▸ **The task**
Beginning with the line containing "La plage de", write out each line exactly through the end of the listing, and skip all pictures.

▸ **Information shown**
====
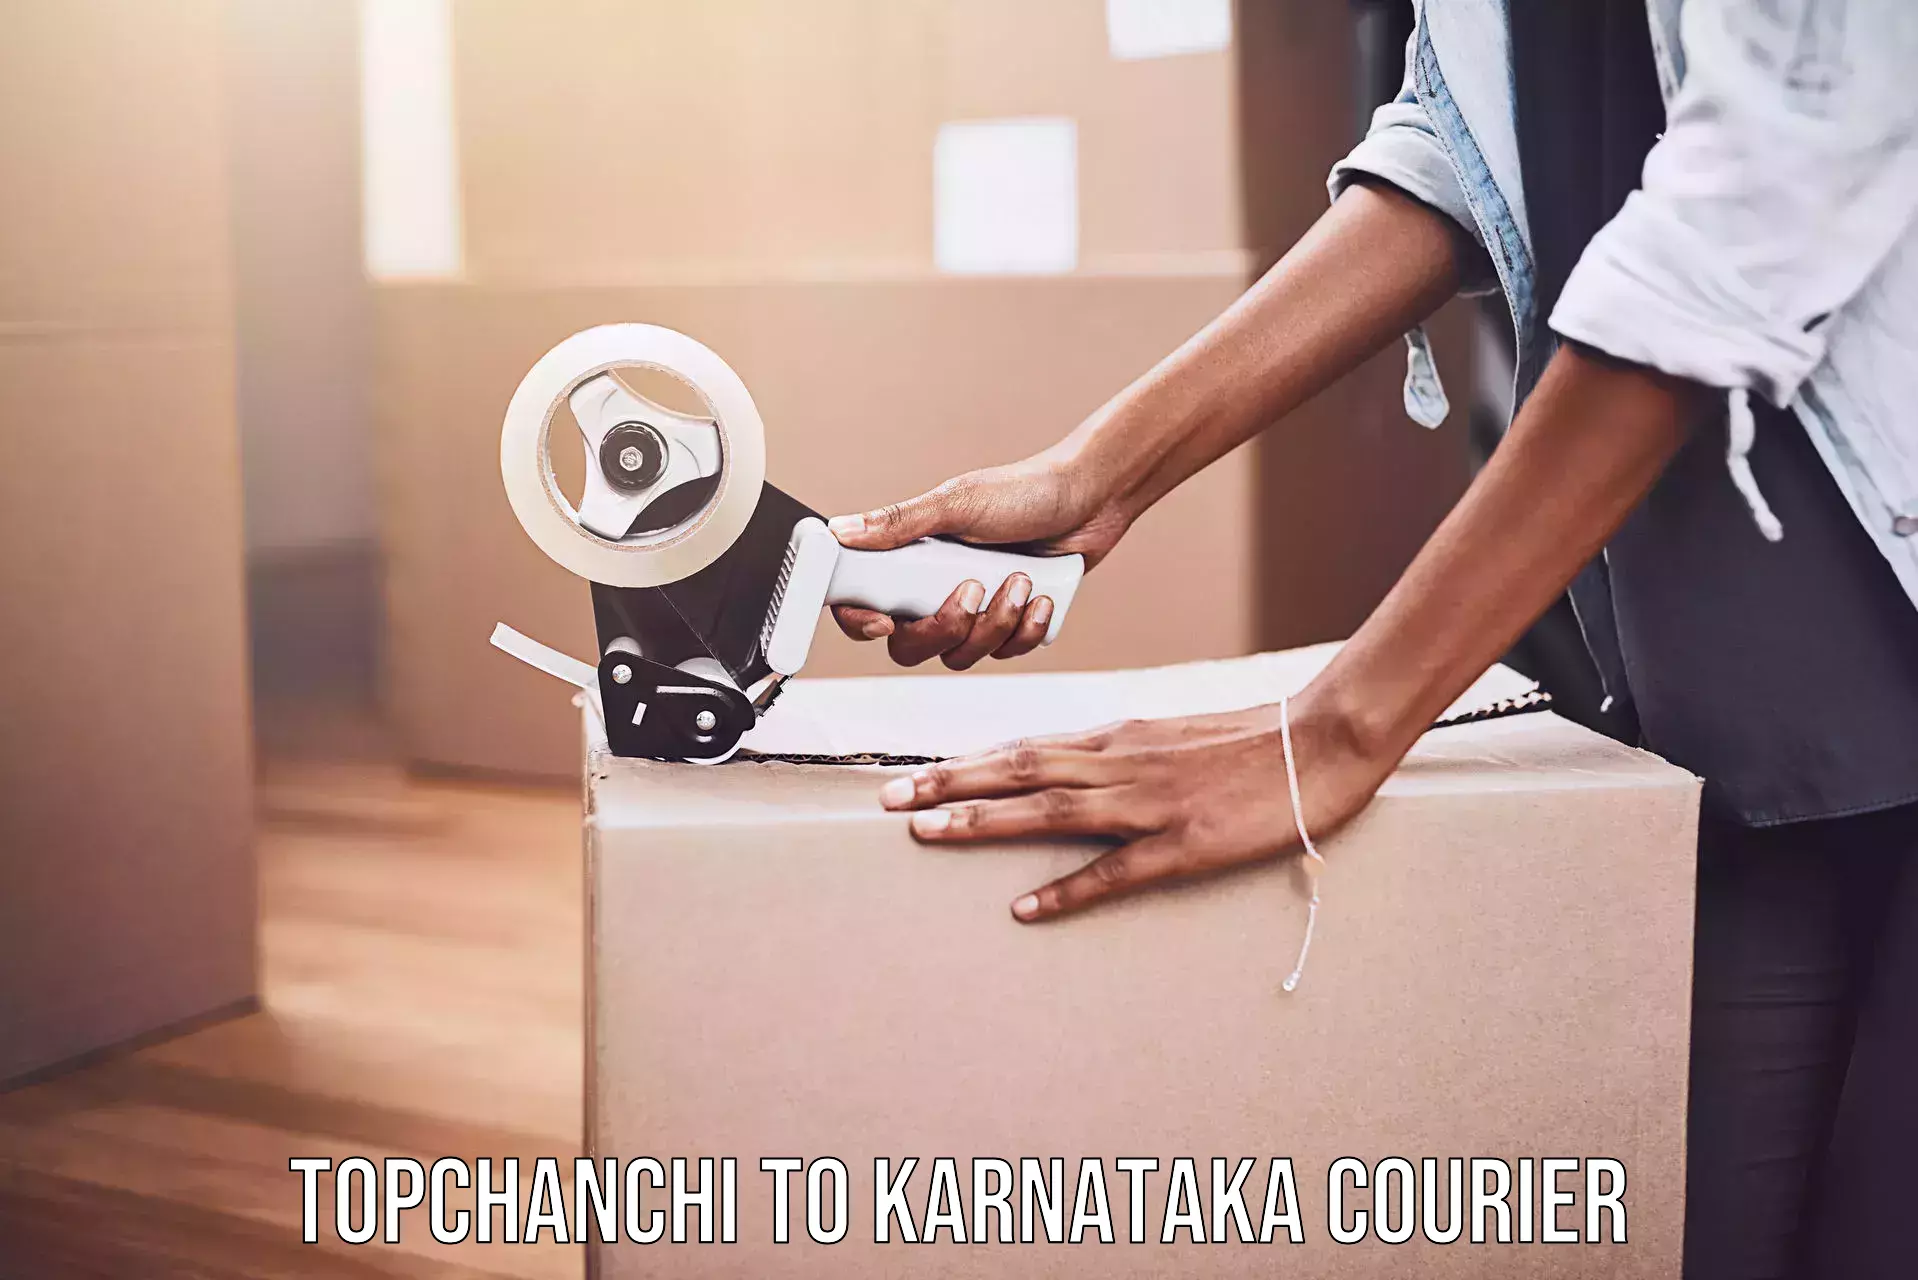 On-call courier service Topchanchi to Kanakapura
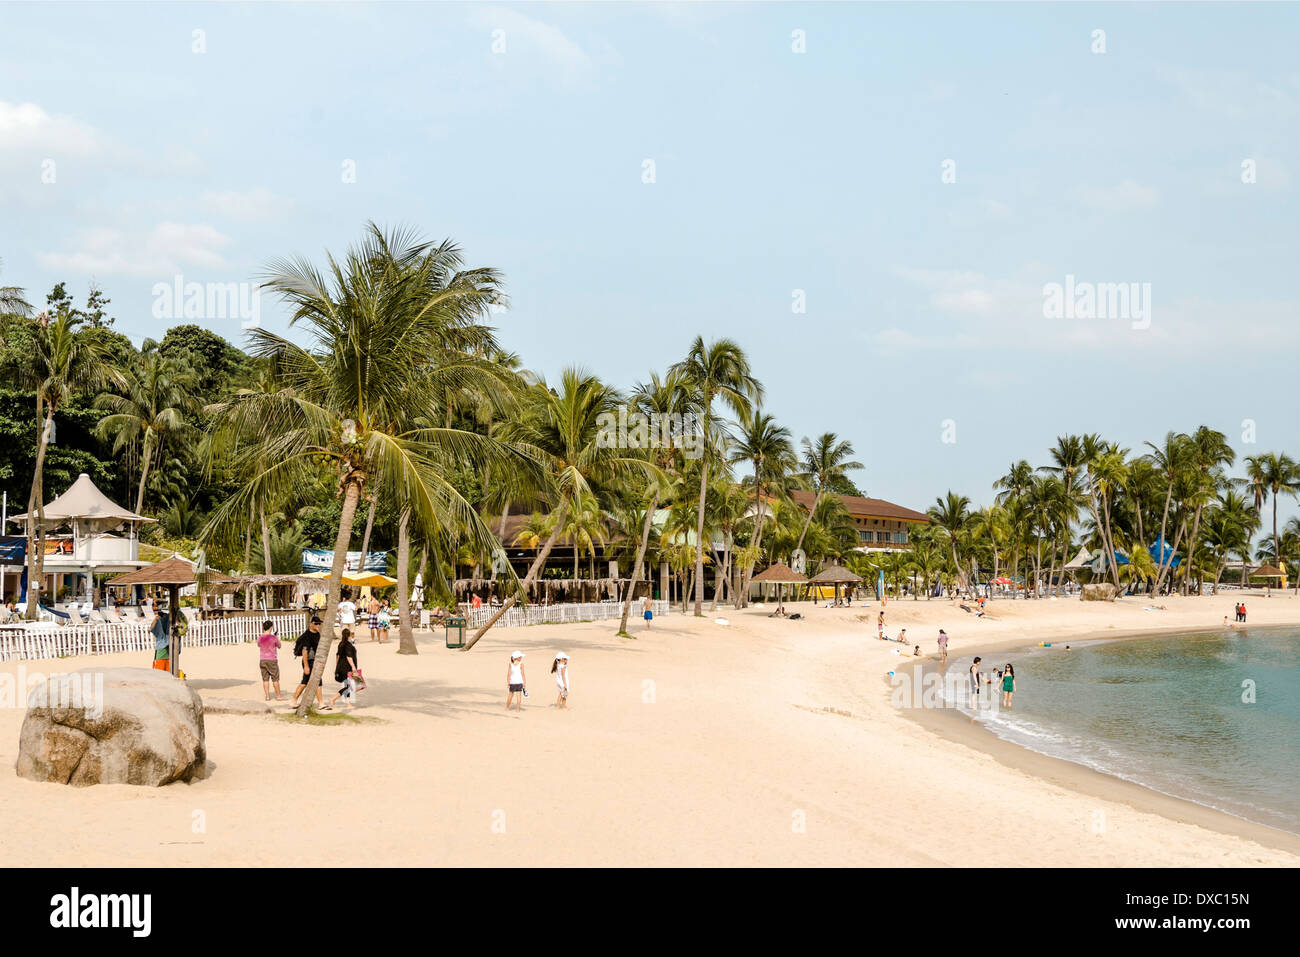 La plage de Siloso pittoresque sur l'île de Sentosa, Singapour Banque D'Images
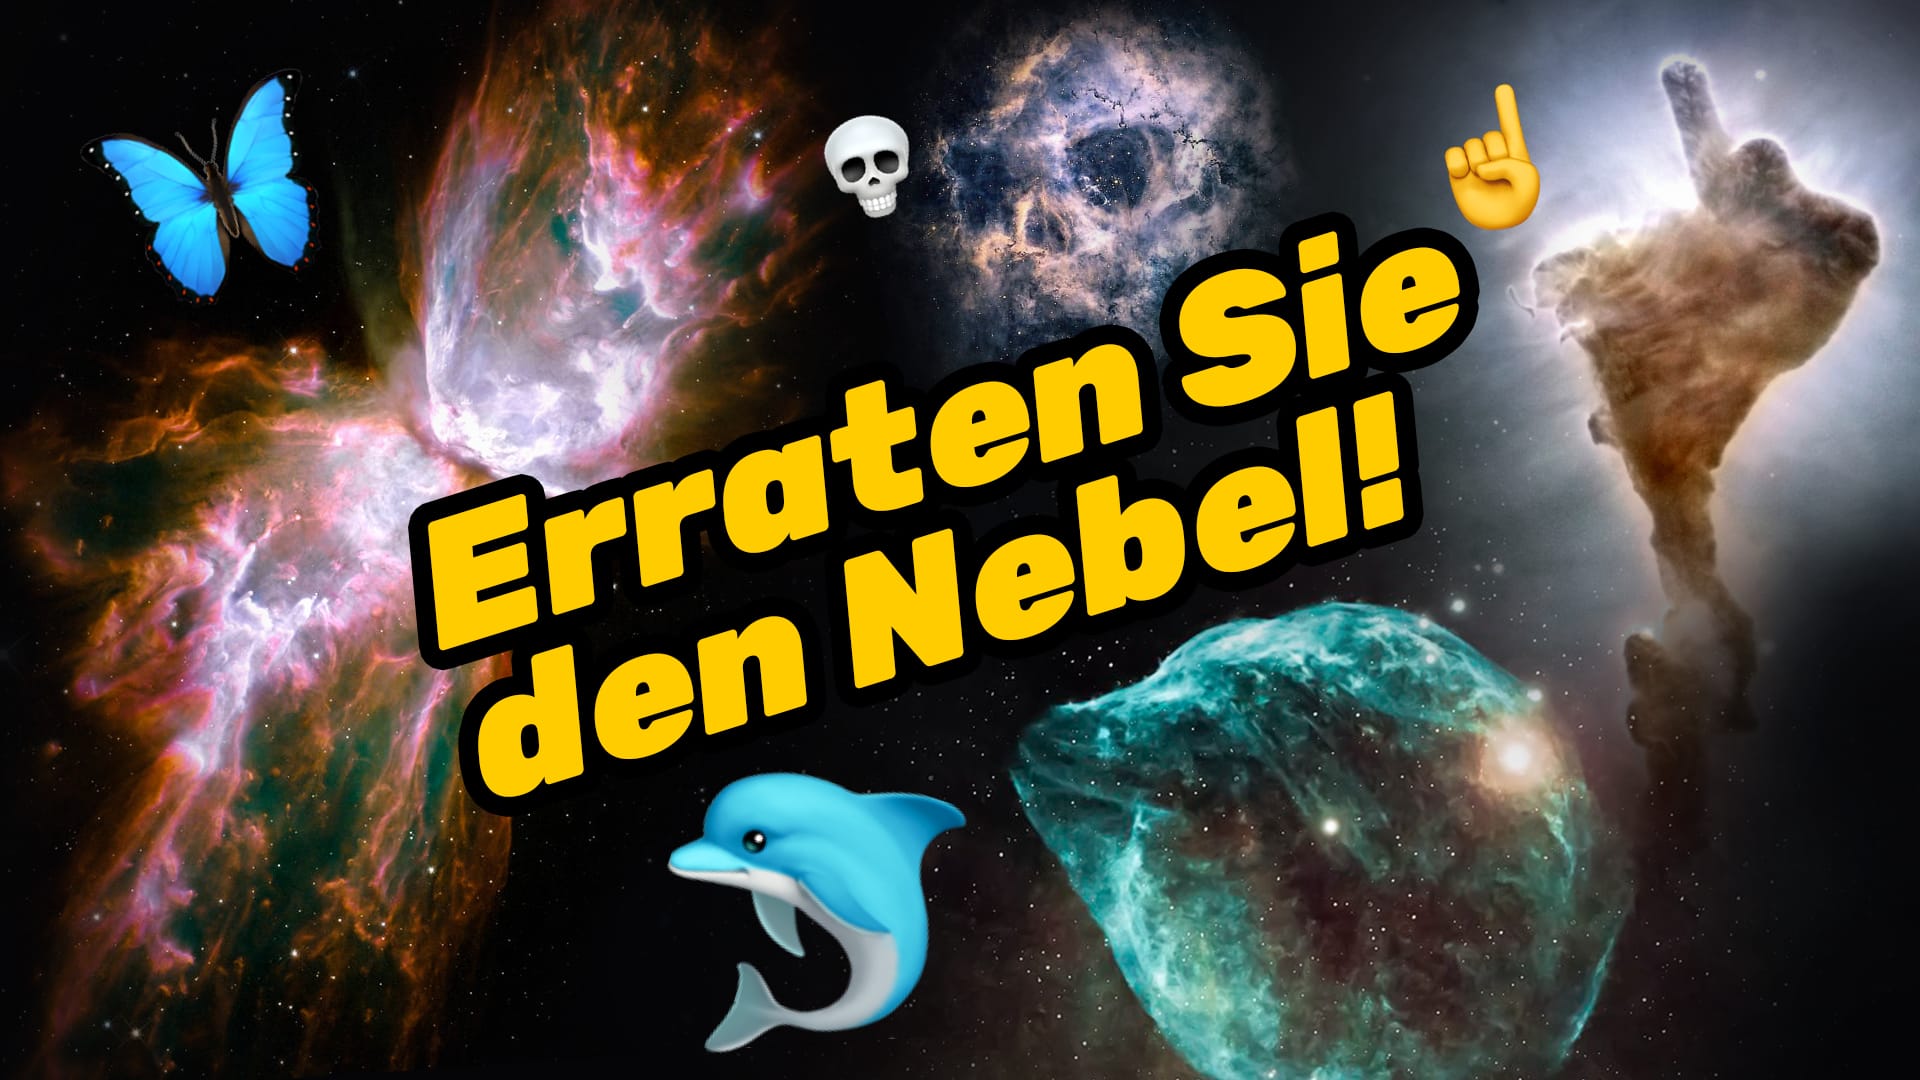 Guess the Nebula!
====
▸ **Answer for the task**
 La plage de Siloso pittoresque sur l'île de Sentosa, Singapour Banque D'Images
 Guess the Nebula!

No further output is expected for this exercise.